I think u dont need to put any substitute, for oil and butter, in bread. Just leave them out. If us want, u can put in some soya milk, or soya yoghurt.

Mel


----------



## abjcooking (Oct 4, 2006)

http://www.discusscooking.com/forums/f104/what-is-your-favorite-microwave-recipe-14607.html?highlight=orange+chicken


*Orange Chicken over Rice*

1 lb. chicken tenders (strips)
1/2 cup orange marmalade
1/4 cup orange juice
rice

Coat pan with a little oil.  In a bowl blend marmalade and orange juice together.  Toss chicken into pan and cook.  Just as chicken starts to change colors add the orange mixture.  Cook for 10 minutes stirring occasionally until sauce has thickened.  serve over rice.


----------



## BreezyCooking (Oct 4, 2006)

Turkey Chili - pick up a "chili kit" from any supermarket, a can of diced tomatoes, & a package of ground turkey meat.  It's easy to fix, & keeps well for several days of lunches.  Also freezes well, but I'm not sure if your dorm fridge also has a freezer.

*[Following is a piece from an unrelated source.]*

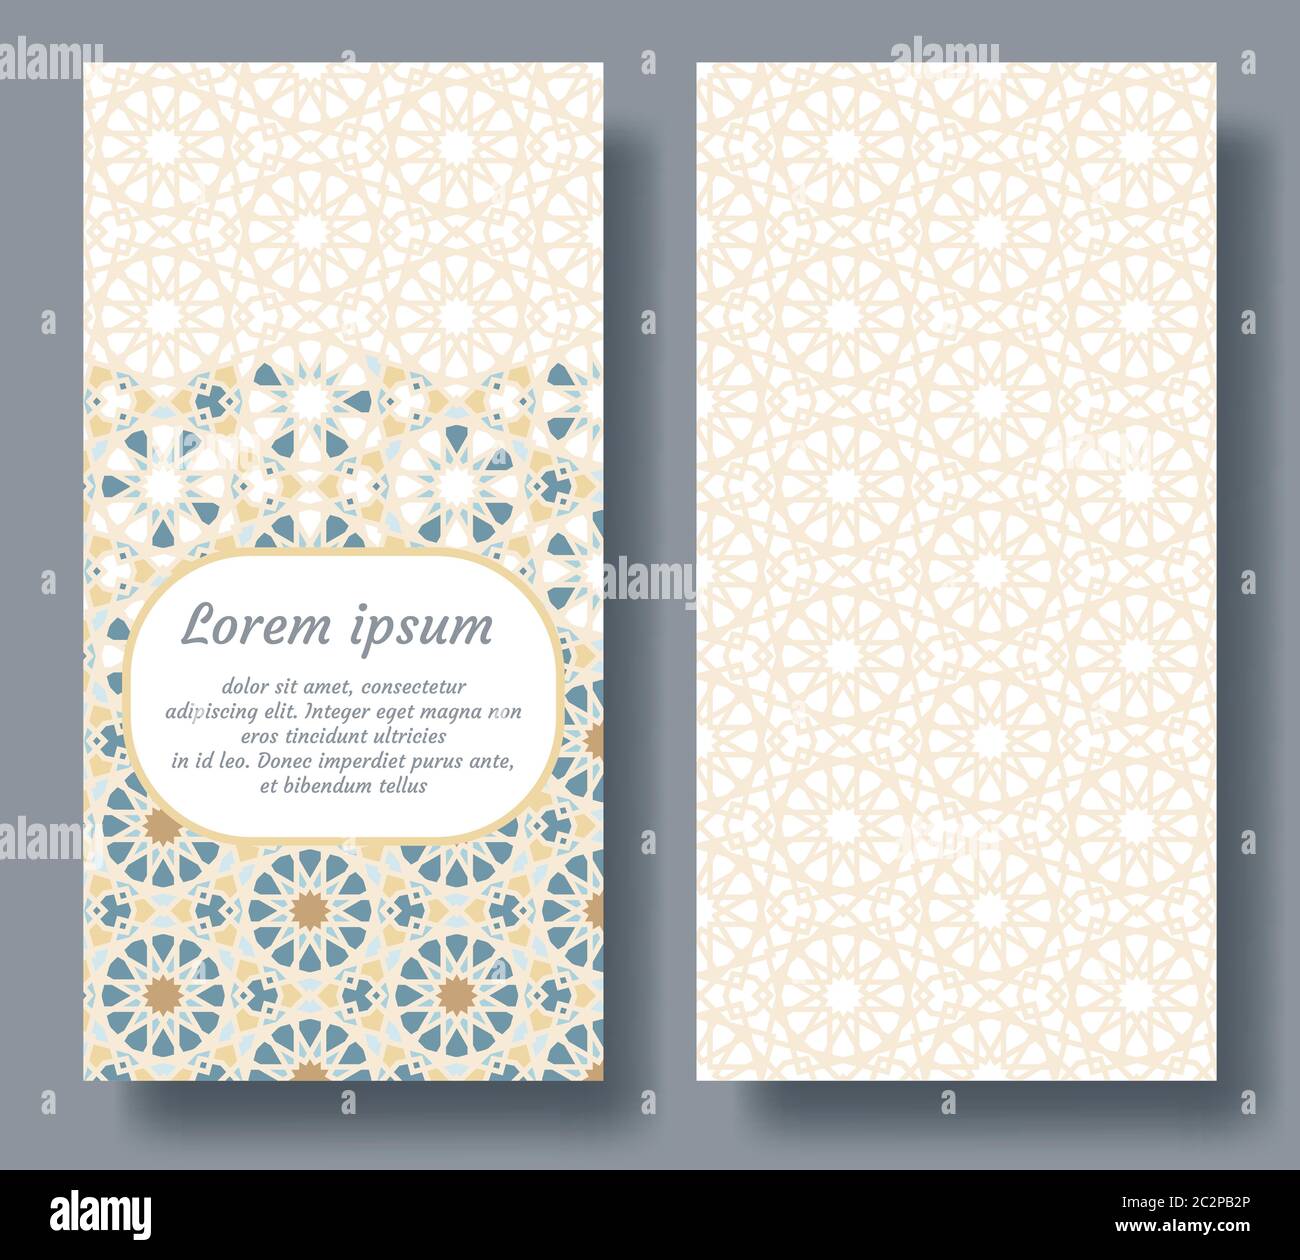 Arabisch Doppel-Karte Design für Einladung, Feier, speichern Sie das Datum, Hochzeit in arabisch geometrischen Mosaik durchgeführt Stock Vektor

You can also make all sorts of "stirfries" in your pan on your hotplate.  Buy a package of boneless skinless chicken thighs or breast & cut into bitesize pieces.  Add in a bag of frozen mixed stirfry vegetables or cut up fresh vegetables that you like.  Add in some soy sauce or other spices/flavorings you like & you're all set.  Again, leftovers can be had for lunch or another meal the next day.  You will need to use at least a small dollop of veggie oil for this, but this certainly isn't harmful to your lactose-intolerance.

Is there a reason why you don't want to use any sort of oil in your cooking?  Because that will be difficult to do in the long run.


----------



## Mel! (Oct 4, 2006)

*Chinese stirfry*

U could make a simple Chinese stir fry and serve with boiled rice. 

Chinese stirfry

Ingredients
An onion
a carrot
2 cloves of garlic
quarter inch of fresh ginger(u can sprinkle in some dried instead, while cooking , if u prefer)
Quarter cabbage
Roasted salted peanuts
Oil for cooking
Soya sauce. 
Salt
(The vegetables can be varied, according to availibility)

instructions
Chop up vegetables.
Stir fry onion garlic and ginger, in oil, with a sprinkling of salt.
When these strart to turn brown, add the cabbage and carrot. 
Turn off heat, when these are slightly cooked. 
Sprinkle on some soya sauce
Sprinkle the peanuts, on top of stir fry. As many as u want.


----------